Walking through Example 1: ["0:start:0","1:start:2","1:end:5","0:end:6"]
| Event | Stack | prevTime | Action |
|---|---|---|---|
0:start:0 | [0] | 0 | Push fn0, prevTime=0 |
1:start:2 | [0,1] | 2 | fn0 gets 2-0=2 units, push fn1 |
1:end:5 | [0] | 6 | fn1 gets 5-2+1=4 units, prevTime=6 |
0:end:6 | [] | 7 | fn0 gets 6-6+1=1 unit |
Result: [2+1, 4] = [3, 4] ✓
Complexity: O(L) time where L = number of log entries, O(n) space for the result and stack.

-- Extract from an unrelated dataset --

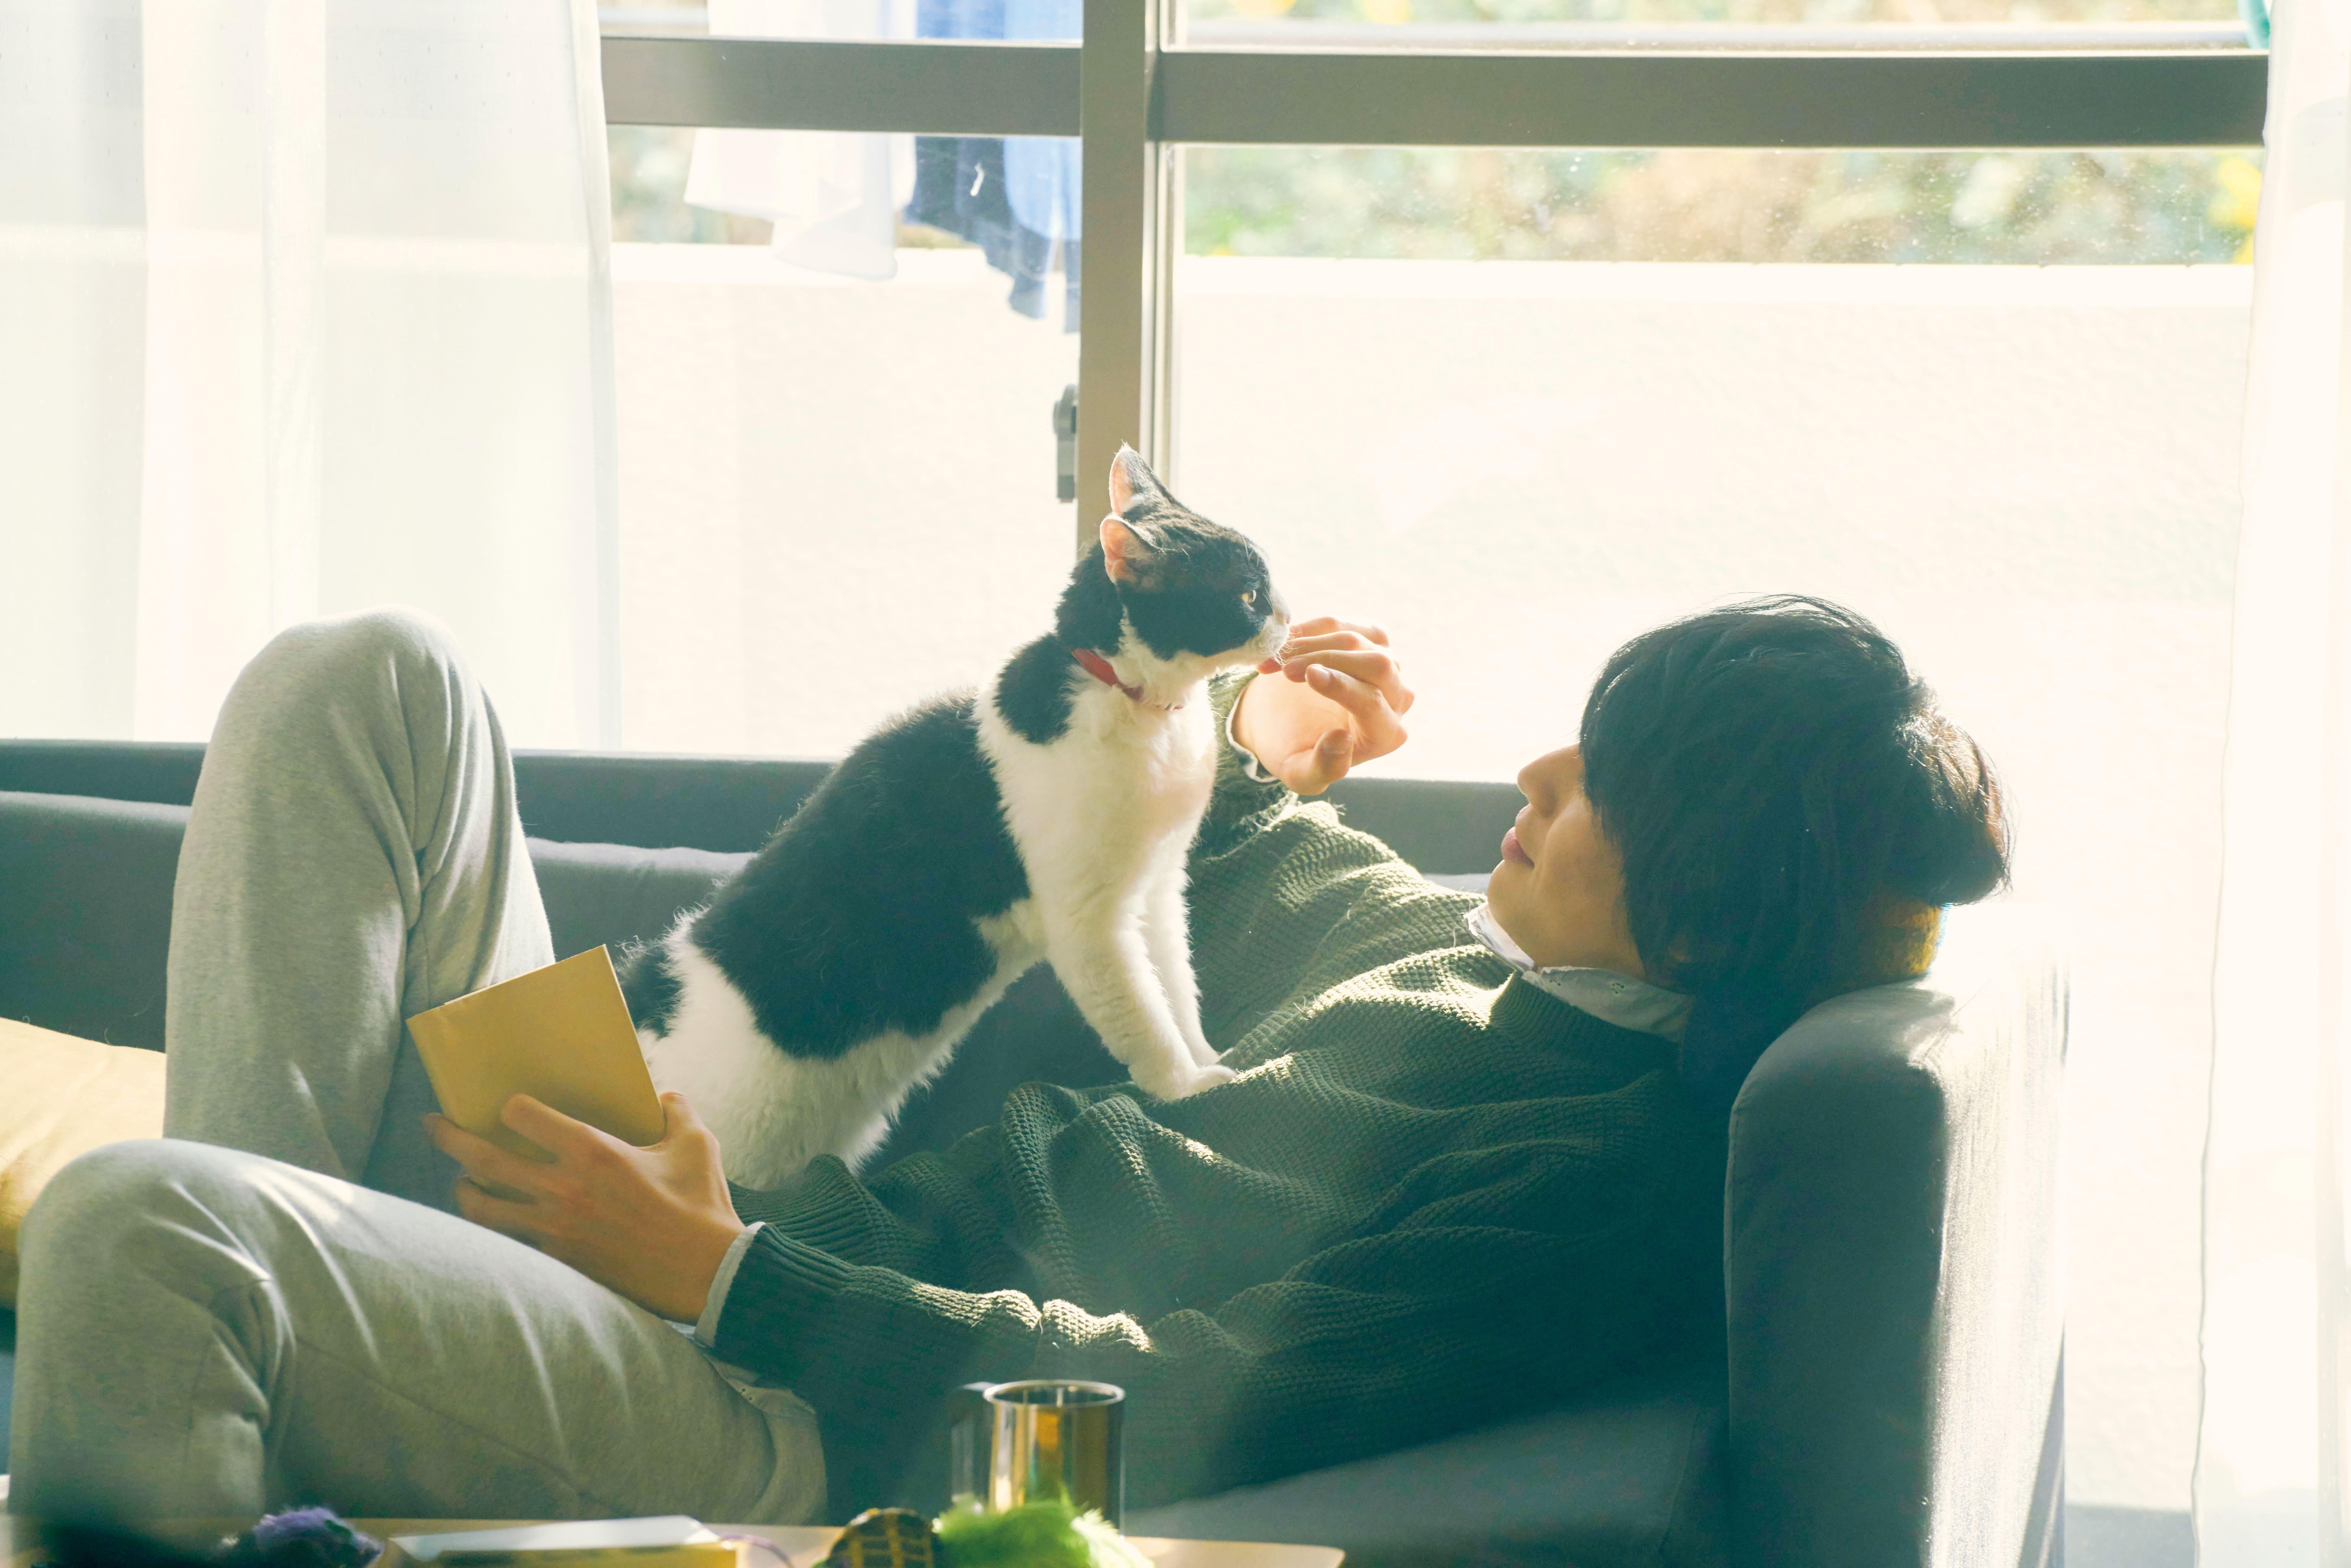 福士蒼汰 化身暖男貓奴 被貓撩到直呼「太可愛」  療癒新作《旅貓日記》1月4日感人獻映

Takeaways from the Stack Unit
- Native array as stack (
push/pop) is idiomatic and avoids unnecessary abstraction. - Operator lookup tables (
Record<string, fn>) beatswitchstatements for dispatch — O(1), extensible, and cleaner. - Interval accounting with
prevTimeis the core pattern for scheduling/CPU problems: charge each interval to whoever was running when it started, then updateprevTimeto mark where the next interval begins.